The killer-kidnapper catches up with Miz Mike:

Something with all the solidity of a metal stick thumped my ribs from the back and a voice that instantly turned my insides to ice growled, “Don’t turn around writer-lady. Just back up and get into my car, just like you planned on taking a little trip with a good friend. Cause we’re gonna be really good friends…until I get tired of you.” He laughed uproariously, but no joy bounded up and down the notes of his laughter. Instead, the smell of death spilled out of his mouth. He planned to kill me and I had stupidly walked into his trap.

http://www.amazon.com/Bridge-Xanadu-Stephanie-Parker-McKean/dp/1530764483/ref=tmm_pap_swatch_0?_encoding=UTF8&qid=&sr=old bridge

Seeing the Wind

For some reason, people like believing impossibilities. For example, they say, “You can’t see the wind. It’s invisible. No one can see the wind.”

I can. I learned to see the wind from my seven-year-old son. We were living in the Nevada desert helping friends run a small gold mine. Luke kept insisting that he could see the wind and I kept parroting the impossibility. “Luke, you can’t see the wind. It’s invisible. No one can see the wind.”

Luke led me through the sagebrush to a vantage point that gave us a clear view over 40 miles of desert and described what he was seeing. Then I saw it too; the dips, swirls, circles and waves of wind playing tag with mountains and sky. It’s a gift from my son that I treasure.

Luke was told he couldn’t climb scrubby cedar trees in the Texas Hill Country because the branches would snap. Yet when we saved a baby possum, Luke climbed upside down in the cedar trees, going from tree to tree without touching the ground, teaching the baby to climb. Not a single limb broke.
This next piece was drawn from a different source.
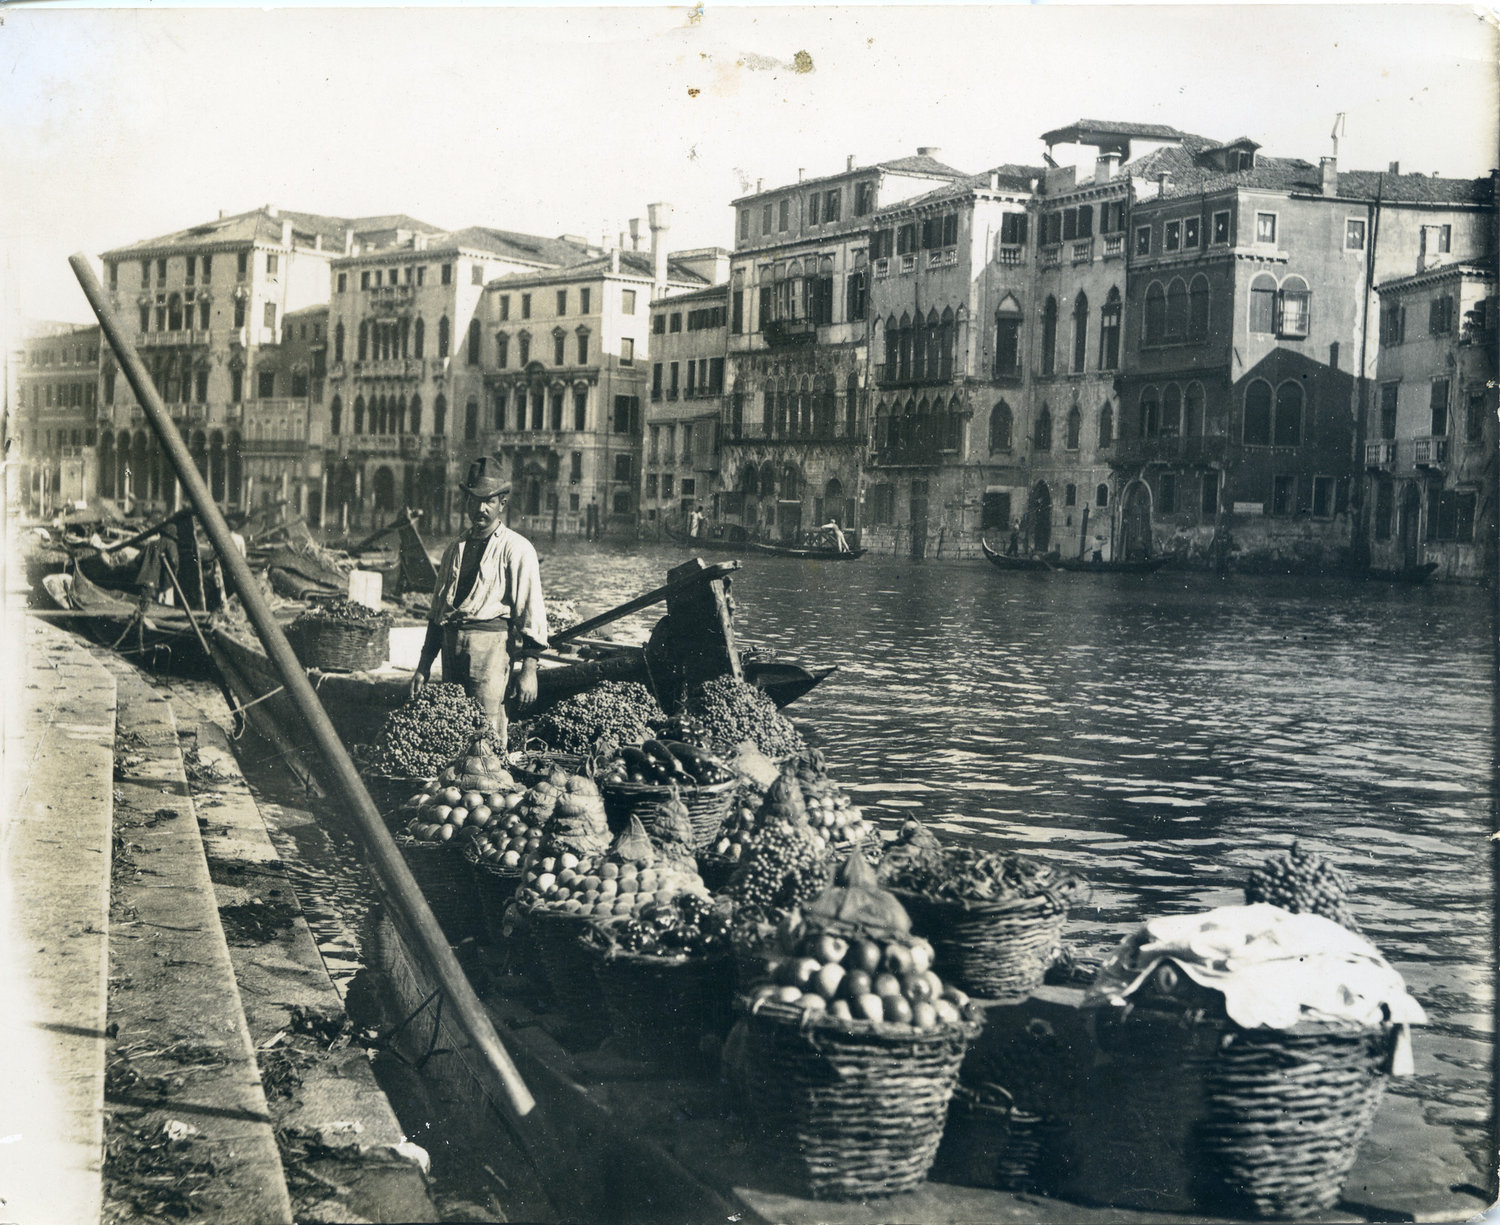 While visiting the grand canal of Venice in 1898, Fairchild photographed the fresh fruits and vegetables that were the earlier conquests of European plant explorers who brought them back from the New World. Items like tomatoes, onions, and squashes, like those pictured here, became central ingredients in Italian cooking.

When we moved back to the desert, Luke invented “wind surfing.” He tied ropes to the corners of a huge black tarp and let the wind skate him along the ground. One day a sudden gust picked Luke up off the ground, flew him into the window of the house next door, then whisked him into the plowed field behind.

Luke was told, “People can’t fly.” But he did, and with lasting benefits. The alcoholic next door was sitting at the table drinking when Luke flew past the window. The man gave up drinking. “I knew I had to,” he told us, “the day I saw a boy fly past my window.” Somehow…we kept a straight face and never explained about the flying boy!

Luke never believed impossibilities. He was told, “Your ears were damaged by severe ear infections. You can’t do music.” So he learned to play the trumpet and the piano.

Luke was told, “You can’t learn to fly an airplane. Your math isn’t good enough. You’ll never pass ground school.” He learned to fly a plane and flew from North Carolina to California. Then he bought his own plane.

Luke was told, “The Marine Corps will never accept you. You won’t pass the physical. You have scoliosis. You need a metal rod in your back.” Luke prayed and Jesus healed him. He was 37 and just short of retiring from the Marine Corps as a Major when his plane crashed.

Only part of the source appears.